RSS

Hydrolix Delivers Big Game Observability for Major Broadcast and Streaming Content Provider

Learn how Hydrolix provides observability to our clients during peak streaming events.

Franz Knupfer

Published:

Feb 28, 2024

7 minute read
,

With a record-setting 123.7 million viewers tuning in, the big game between San Francisco and Kansas City wasn’t just a game. It was a milestone in over-the-top live sports broadcasting delivered across the platform of one of the world’s largest broadcast, cable, and streaming providers.

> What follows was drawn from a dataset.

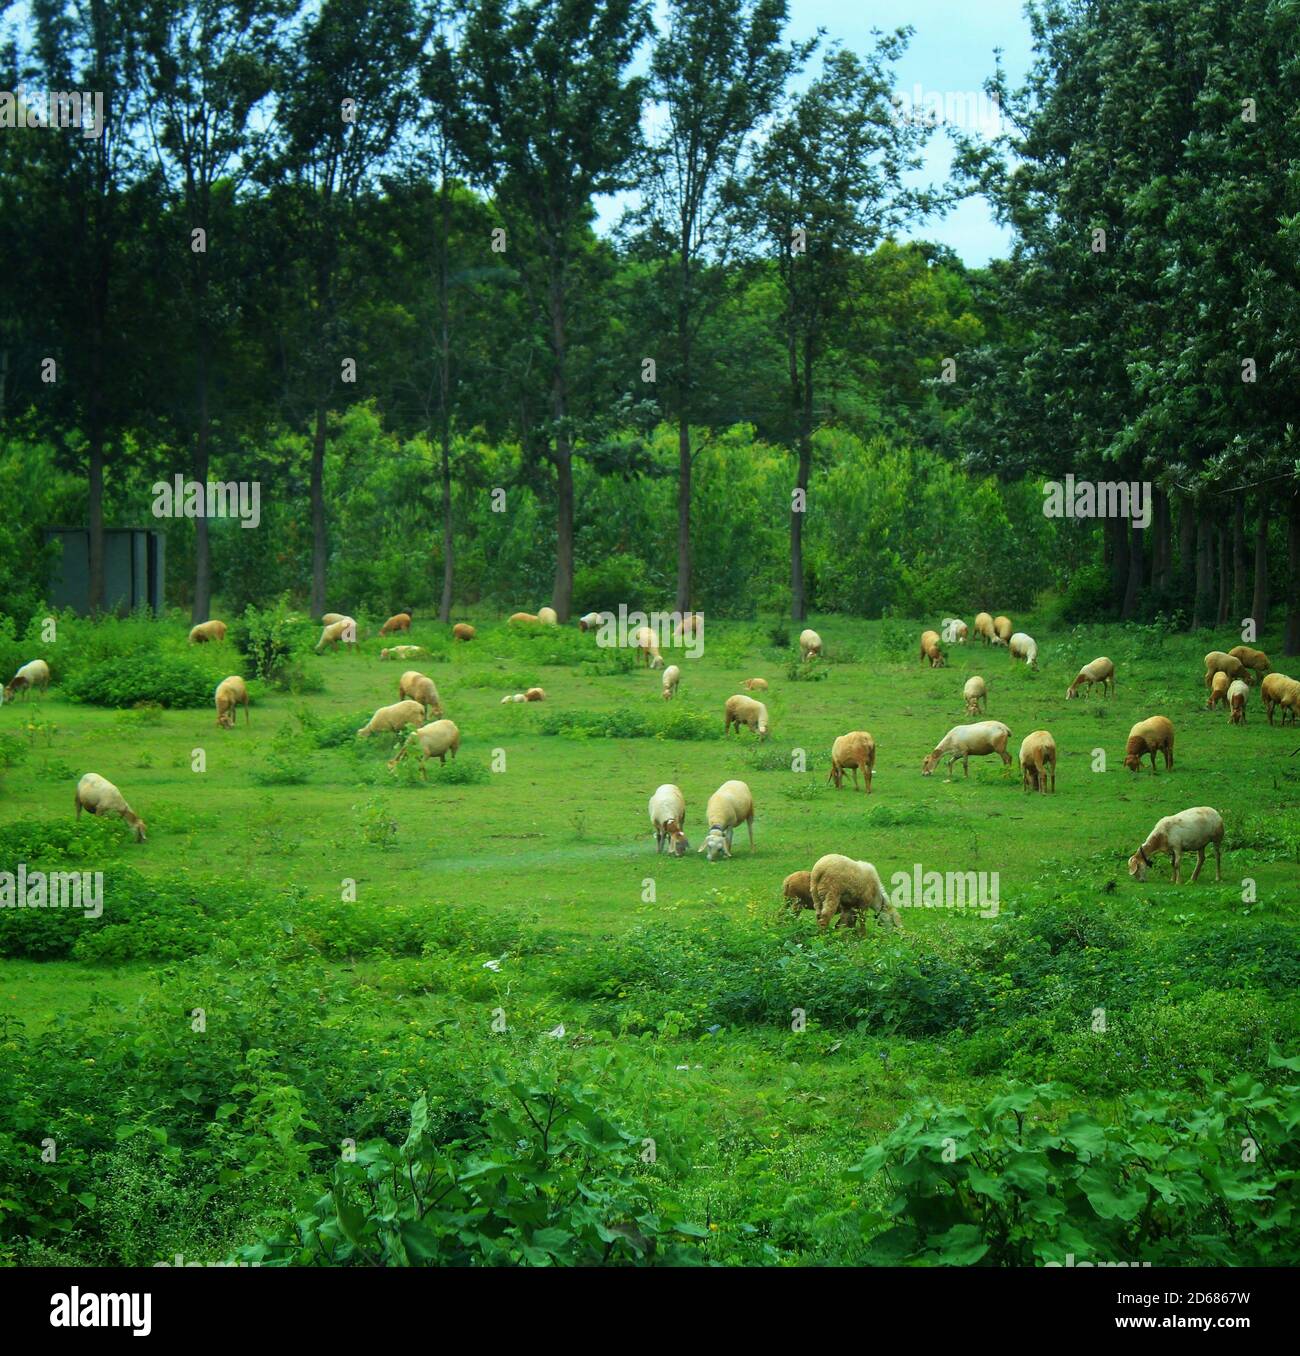 Weidende Schafe auf einem offenen Feld, Hirten aufpassen, so dass keine Schafe verloren ist und jeder ist in seiner Reichweite. Stockfoto

Behind the scenes, Hydrolix provided the customer with end-to-end observability and deliverability intelligence, creating a complete view from stream origin to end user. Our team worked directly with the client’s operations team, including on-site, to navigate the immense data challenges of the event.

Performance Highlights:

  • Peak ingestion rate of 10.8 million rows/sec, with 53 billion records collected and 41 TiB of data transformed into 5.76 TiB of compressed data stored. (Hydrolix’s merge service will continue to compress the data.)
  • Across all partners, we saw peaks of 20 million rows/sec, and managed over 100 billion log lines.

The next image shows a dashboard of Hydrolix’s ingest service during the event. In this snapshot, Hydrolix was ingesting 9.73 million rows per second with 3 seconds of ingest latency. Data is normalized and transformed as it’s ingested and then stored in cost-effective cloud-based object storage.

Dashboard shows Hydrolix ingestion statistics

Because Hydrolix is stateless, decoupled, and uses cloud-native Kubernetes, every part of the system can be scaled independently. For this use case, stream heads and stream peers were scaled up to provide massive parallelism.

“This is the sort of day Hydrolix was built for. Not just this customer but multiple partners faced massive peaks in traffic, requiring real-time operational decisions based on colossal data inflows. We’re proud to say Hydrolix delivered. Achieving this scale and performance, as cost-effectively as we did, sets us apart in the industry.”

Marty Kagan, Co-founder of Hydrolix

Let’s take a look at some of the streaming media use cases that our customers and partners used for this event.

Monitoring Over-the-Top Video at Scale

As end users move away from traditional cable, over-the-top streaming video content has become increasingly popular. However, providing a high quality over-the-top viewing experience to tens of millions of users comes with a unique set of challenges. In addition to being spread across the globe, end users stream events through a wide range of devices, content delivery networks (CDNs), and internet service providers (ISPs). And to make matters worse, large scale events can be targets for both malicious activity and streaming piracy.

To provide a quality experience to as many viewers as possible, providers need to monitor a wide range of logs and metrics, including CDN performance, Common Media Client Data (CMCD), IP activity, edge data, and device data.

CDN Performance

To serve an event to millions of users around the globe, providers rely on content delivery networks to ensure performant streaming. At any given moment, a CDN may experience high loads and inconsistent performance, especially for very large events. Major providers typically use multiple CDNs, and it’s not uncommon to shift traffic from one CDN to another to improve the end user experience. Here are just a few important CDN metrics to monitor:

  • CDN bandwidth
  • 4xx error codes
  • 5xx error codes
  • Error rate % per CDN
  • Success rate % per CDN

To effectively compare CDN performance, you can ingest multiple data sources into one Hydrolix table. This is a common use case for our customers and partners. In addition to making comparisons between CDNs easier, you’ll avoid complex, compute-intensive JOINs across multiple tables. Hydrolix tables are extremely flexible. Each ingest source can have different columns. And you can use Hydrolix transforms to normalize and standardize incoming data on the fly to ensure your comparisons are consistent.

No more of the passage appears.